→ **The data**:

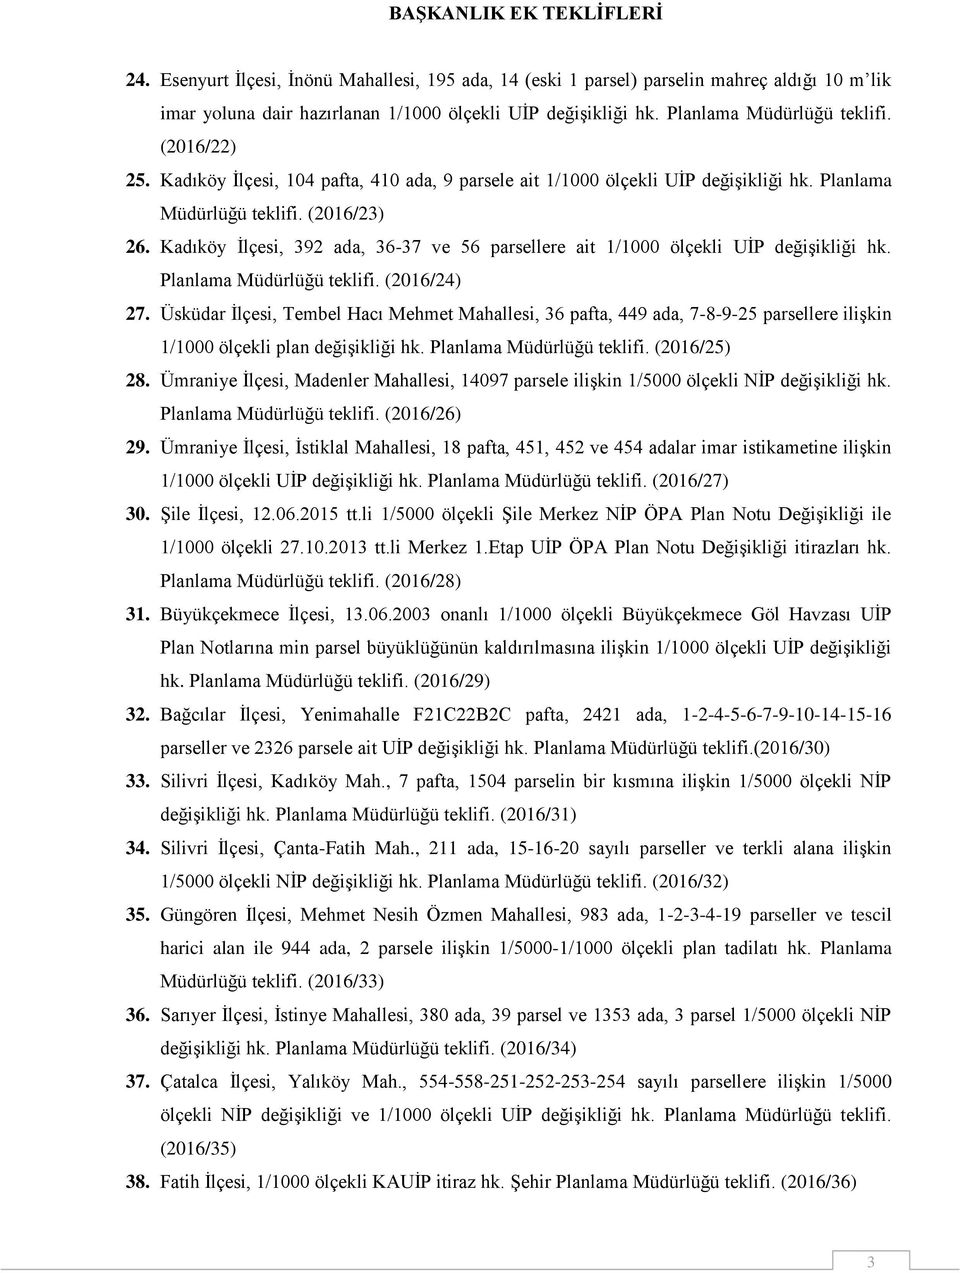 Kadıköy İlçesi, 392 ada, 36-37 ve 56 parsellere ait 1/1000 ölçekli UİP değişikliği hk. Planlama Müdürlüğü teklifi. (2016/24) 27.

...

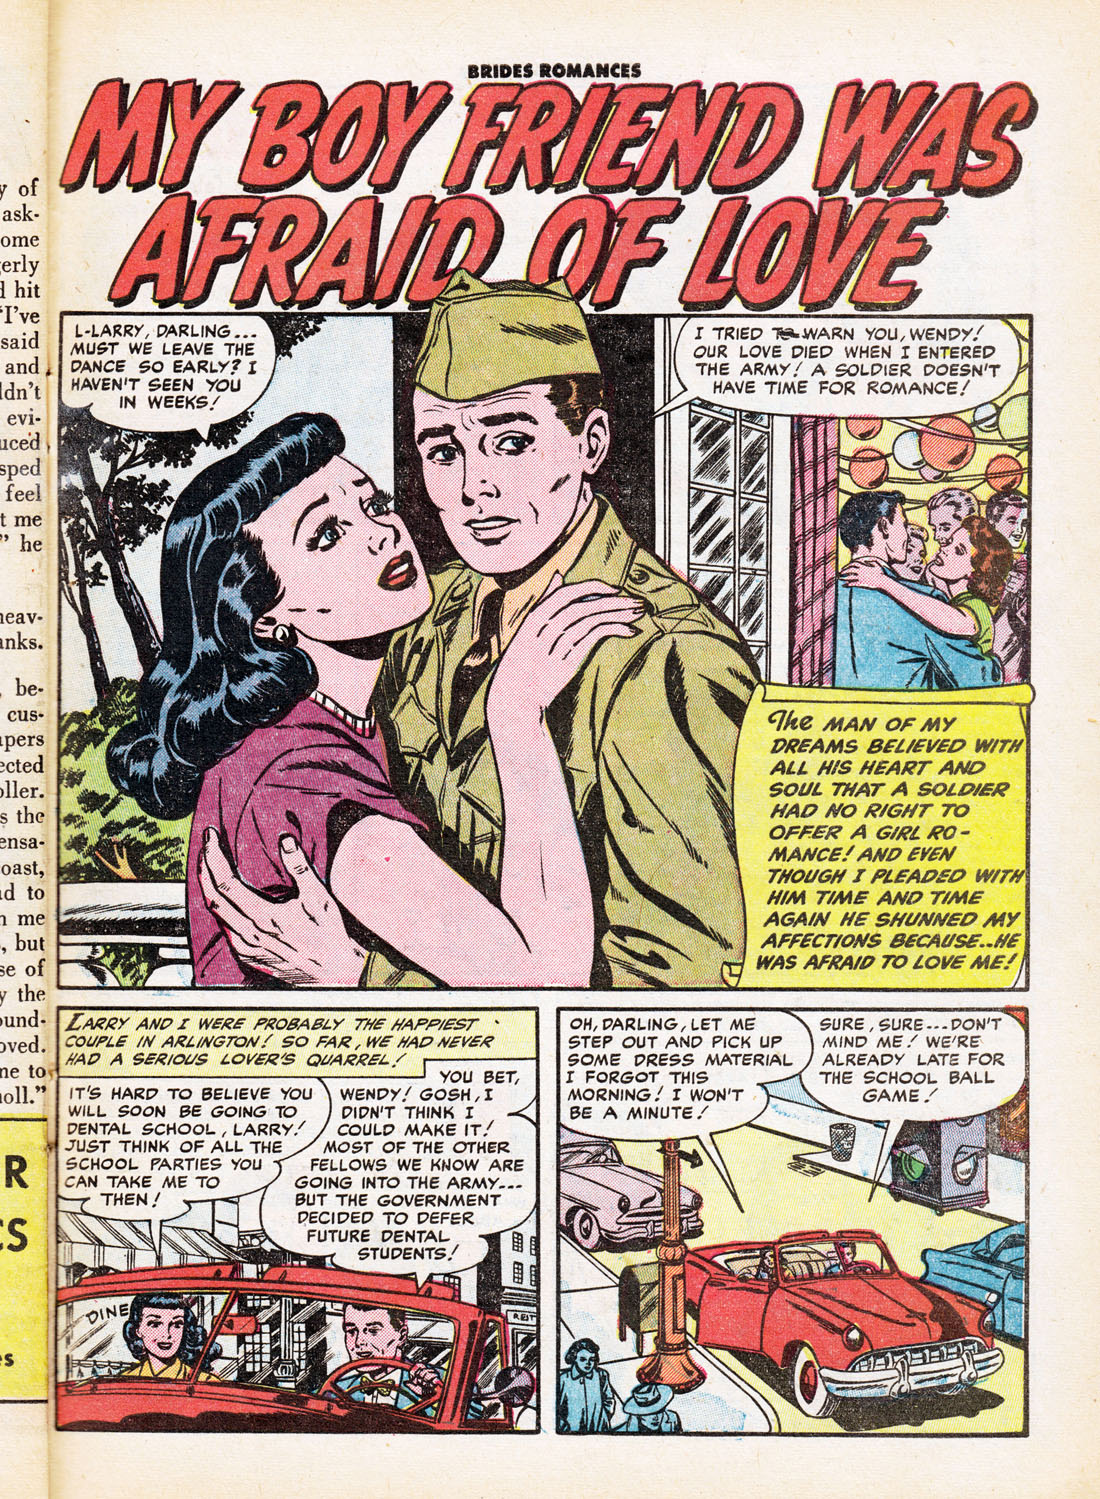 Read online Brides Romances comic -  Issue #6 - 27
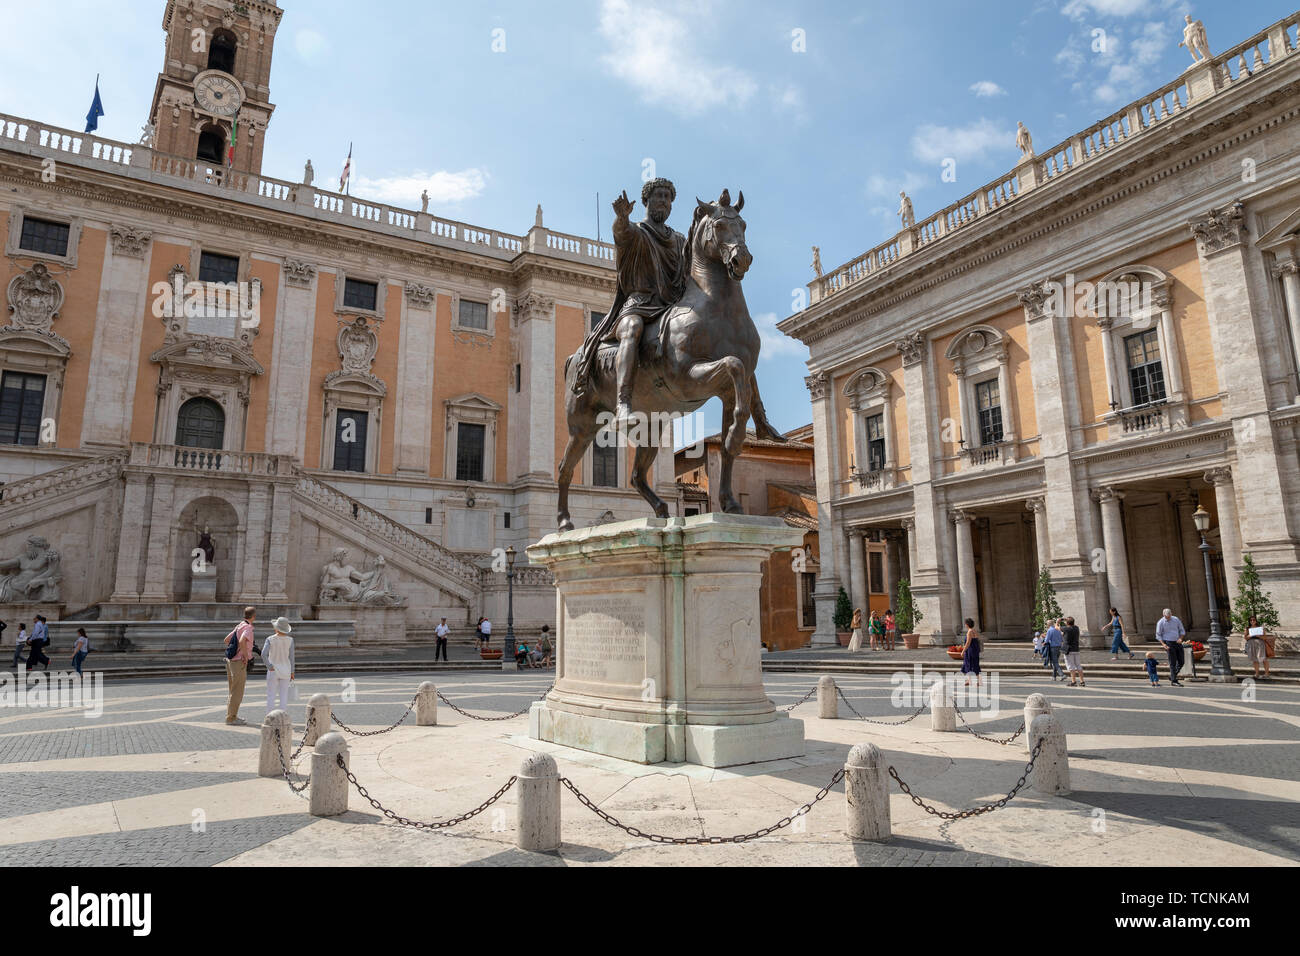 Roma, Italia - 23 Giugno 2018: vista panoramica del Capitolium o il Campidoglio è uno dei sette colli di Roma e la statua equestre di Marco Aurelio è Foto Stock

→ **Try it**: Look above for the line with "Read online Brides" and copy exactly from it through the line with "Roma, Italia - 23", both included. Omit the pictures.

→ **Answer**:
 Read online Brides Romances comic -  Issue #6 - 27
 Roma, Italia - 23 Giugno 2018: vista panoramica del Capitolium o il Campidoglio è uno dei sette colli di Roma e la statua equestre di Marco Aurelio è Foto Stock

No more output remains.